Infectious Disease specialists at Duke University Medical Center (Durham, NC, USA) and their associates enrolled 1,465 college students at the university between 2009 and 2015 and monitored them for the entire academic year for the presence and severity of eight symptoms of respiratory tract infections. Participants filled out a daily web-based survey, rating symptoms on a scale of 0-4. Index cases were defined as study participants who reported a 6-point increase in a cumulative daily symptom score. Biospecimens were collected from 264 index cases with clinical illness, of whom 150 had a respiratory viral cause confirmed by traditional PCR testing of nasopharyngeal samples.

Blood (20 mL) and nasopharyngeal swab samples were collected daily by study staff from confirmed index cases at the time of illness identification. The nasopharyngeal samples were tested for the presence of viruses using commercial multiplex PCR assays (ResPlex II Panel, Qiagen, Hilden, Germany), xTAG respiratory viral panel (Luminex Corporation, Austin, TX, USA), or BioFire FilmArray Respiratory Panel (BioFire Diagnostics, Salt Lake City, UT, USA). The team selected 36 pre-designed TaqMan probes representing genes comprising the acute respiratory viral signature (and normalization controls) to be used on a TaqMan Low Density Array platform run on a ViiA7 Real-Time PCR System (Applied Biosystems, Foster City, CA, USA).
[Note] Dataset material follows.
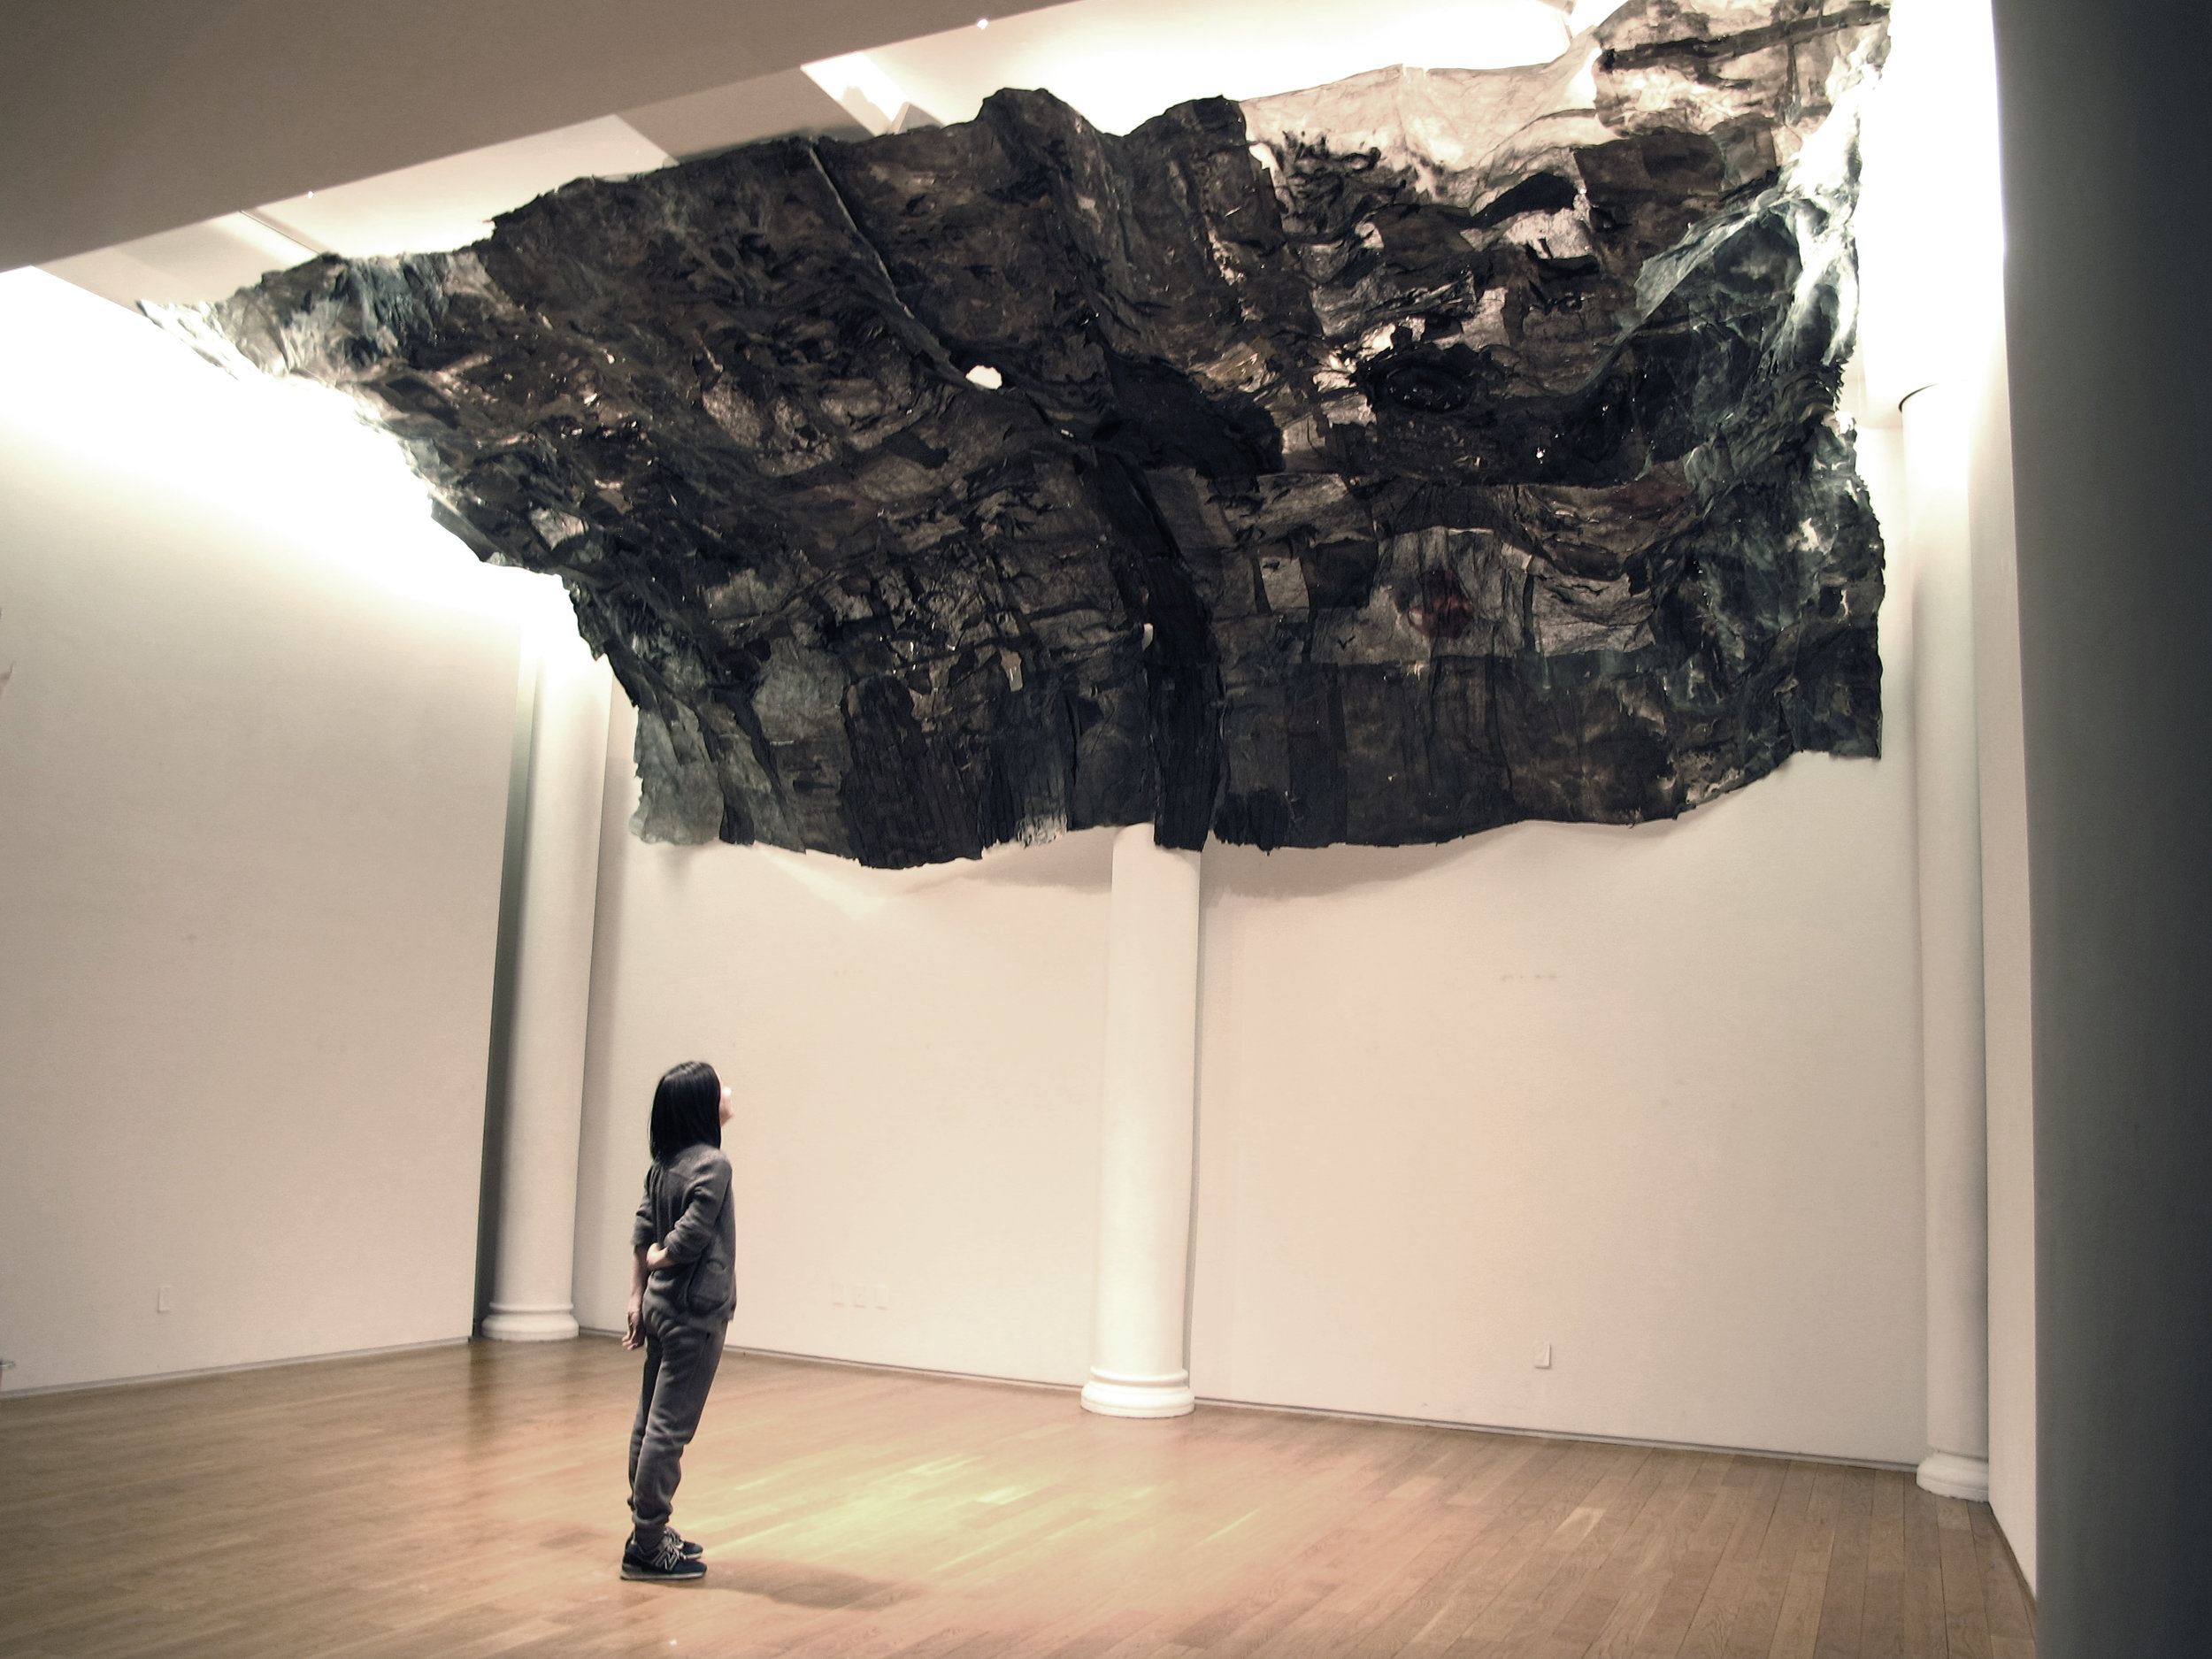   Inhale 吸 , 301 x 200 x 74.8 in. (765 x 508 x 190 cm), Ink, plastic bag, light and Xuan paper installation, 2014. ©2017 Lin Yan, courtesy Tenri Culture Institute and Fou Gallery. Photograph by Jiaxi Yang.

The scientists reported that of the 555 close contacts enrolled and sampled, 162 developed symptoms of respiratory tract infection during observation, of whom 106 had confirmed illness based on traditional viral PCR testing. For most of the study participants, the gene expression test accurately predicted viral infection up to three days before maximum symptoms, often prior to any symptom onset or detectable viral shedding. For influenza, the assay was 99% accurate in predicting illness, 95% accurate for adenovirus and 93% accurate for the cold-causing coronavirus strain.

Micah McClain, MD, PhD, associate professor of Medicine and lead author of a study, said, “Our study demonstrates the potential of this gene expression-based testing approach. We can use the body's natural immune response signals to detect a viral infection with a high degree of accuracy even at a time when people have been exposed to the pathogen but don't yet feel sick.” The study was published on September 24, 2020 in the journal The Lancet Infectious Diseases.